Женино лицо прояснилось. То, что Сеня, друг детства, очкарик Сенька, к тому же еще и Семен Леонтьевич, как-то никогда не приходило ей в голову.
— Все-таки не забыл, — сказала она, прижимая к себе мешок, в котором что-то звенело, должно быть банки с обещанными Сеней маслом и медом.
— Он никогда ничего не забывал, — сказал майор и, вынув платок, вытер им лоб и шею.
Глаза Жени еще смеялись, но что-то в голосе майора, в его взгляде уже поразило ее. И потом она как бы еще раз услышала слова майора: «Он никогда ничего не забывал». Почему «не забывал»? Как же это так?
Она не спросила майора ни о чем. Она только взглянула на него, только взглянула, и майор на секунду отвел свои глаза.
— Он погиб, — сказал майор. — Погиб неделю назад, под Курском…
Мешок выпал из рук Жени.
— Погиб, — повторила она.
Майор кивнул.
— Осколок мины, на месте.
Он поднял мешок с пола.
— За день до этого, именно за день, Семен Леонтьевич передал мне для вас вот это…
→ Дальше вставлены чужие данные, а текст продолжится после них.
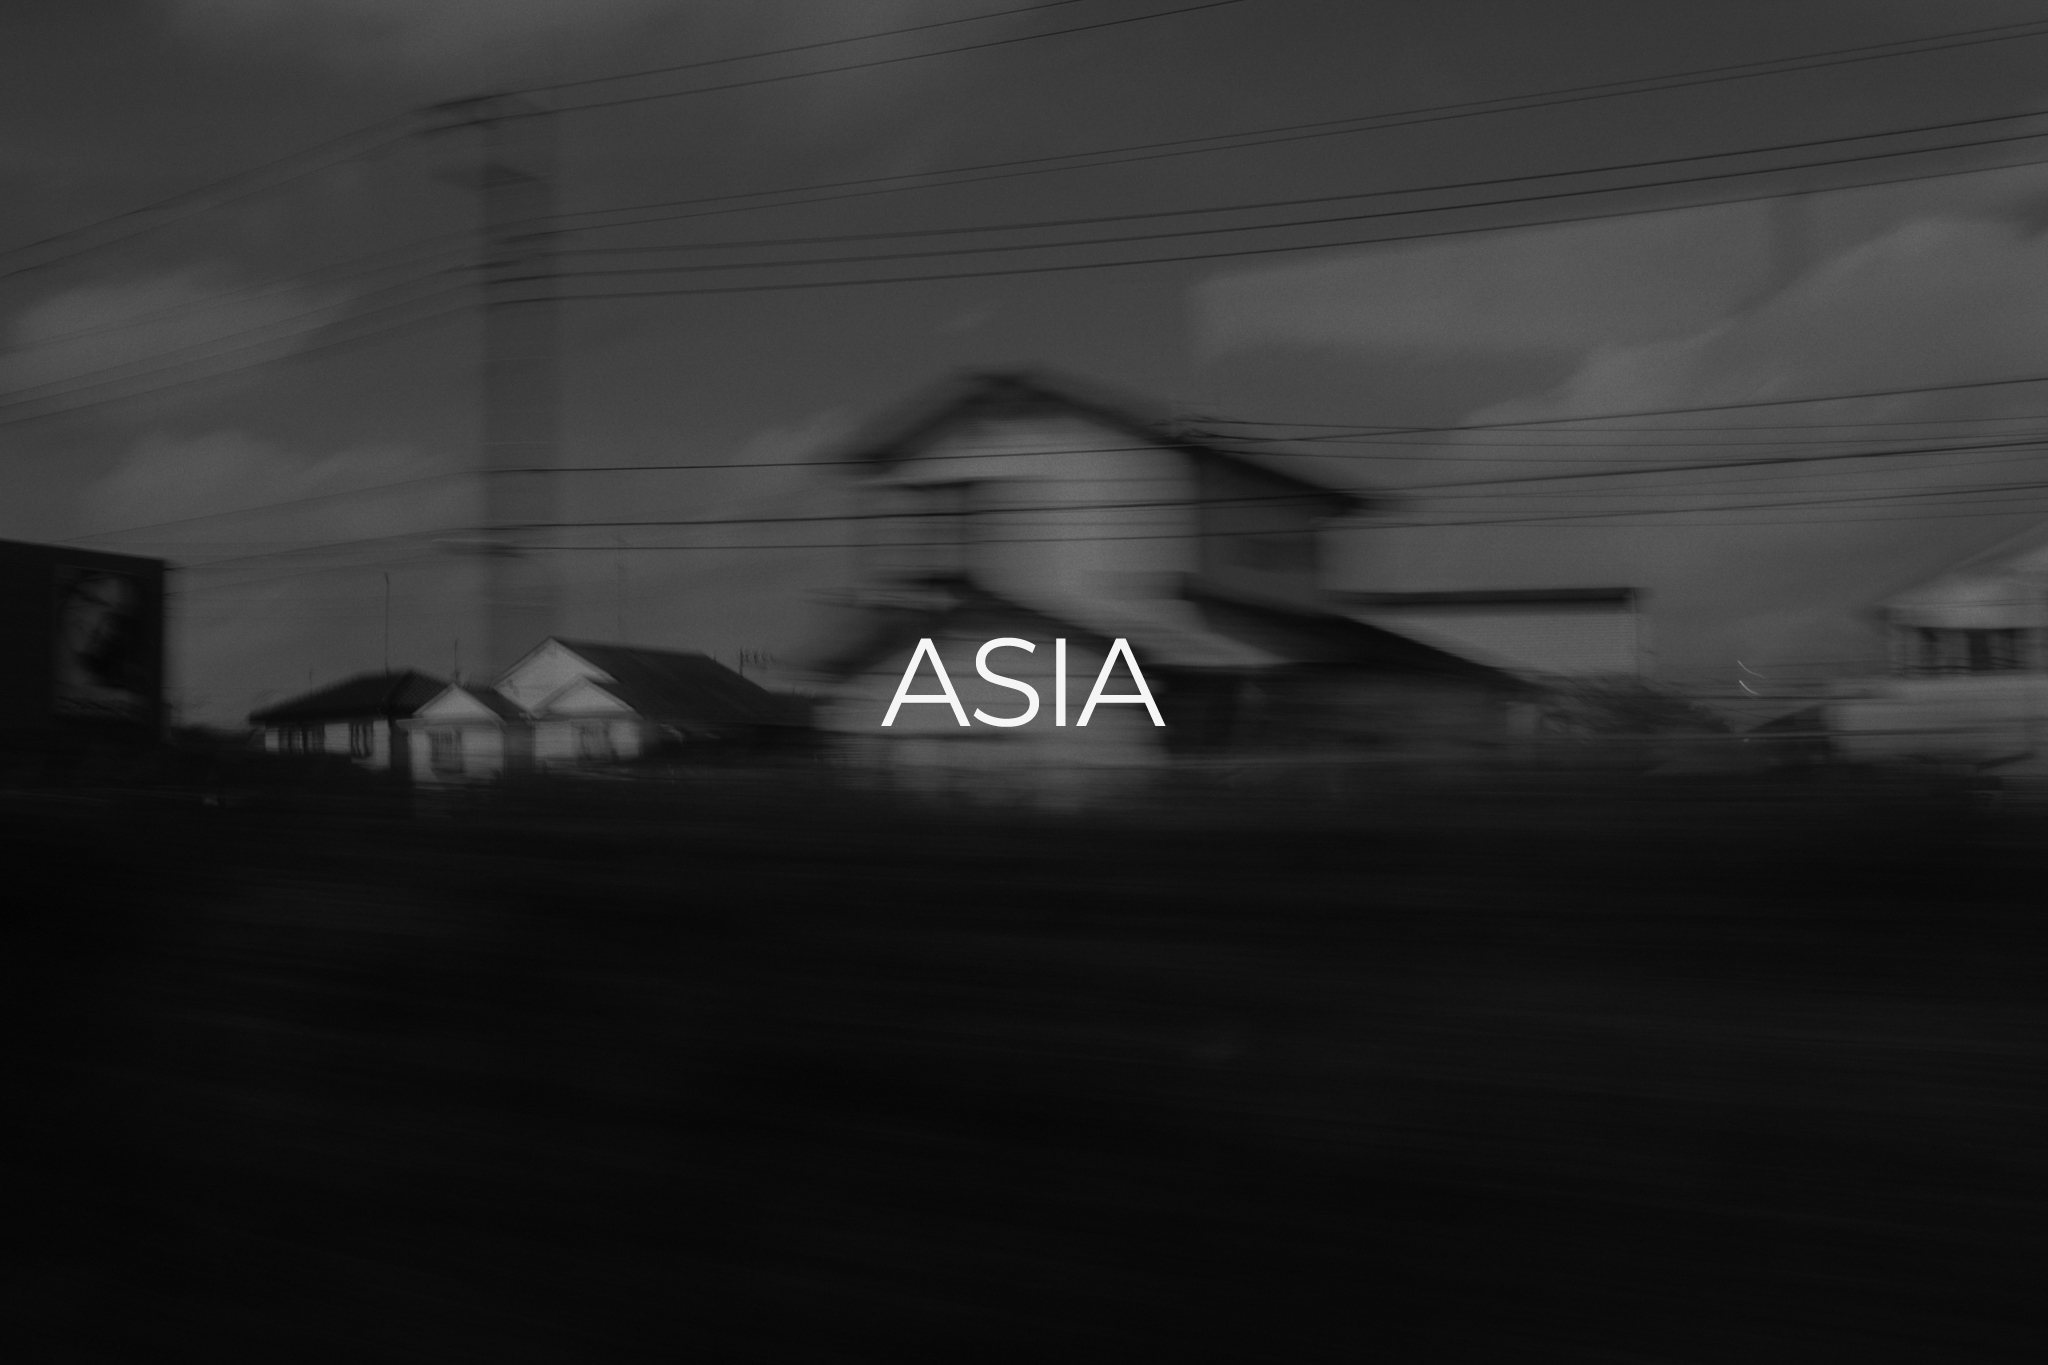 Asia_001bn
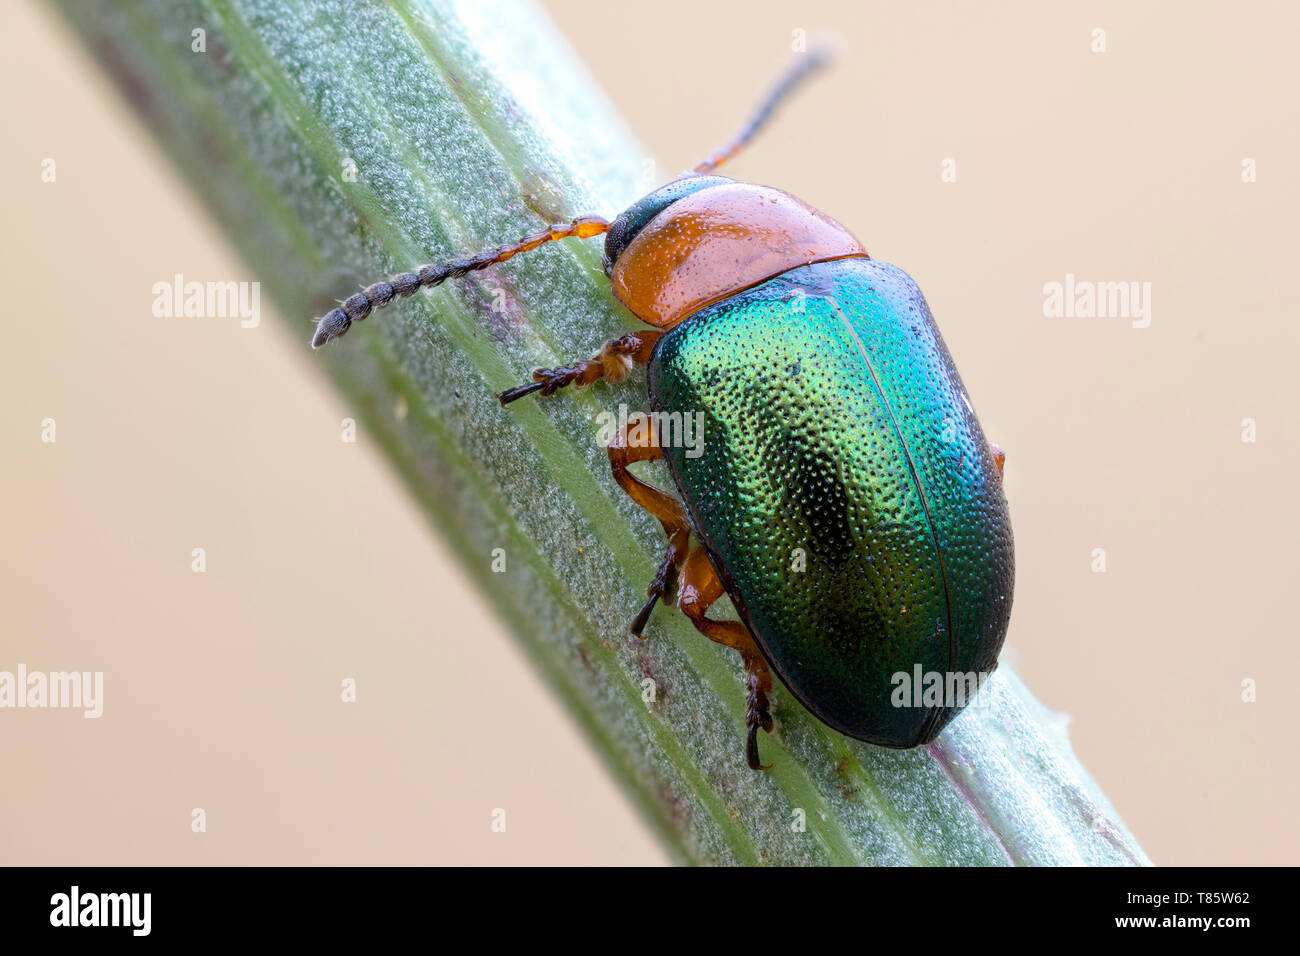 Leaf beetle Stock Photo

Все было как во сне — нереально, невозможно и очень страшно. Хотелось широко раскрыть глаза, проснуться и с радостью осознать — это все привиделось, на самом деле ничего этого нет.
Но это было. И толстый майор стоял перед ней на том же самом месте, где недавно стоял Сеня, и брезентовый, в ржавых пятнах, перевязанный телефонным шнуром мешок, казалось, еще хранил тепло Сениных рук, теперь уже навсегда холодных, затихших…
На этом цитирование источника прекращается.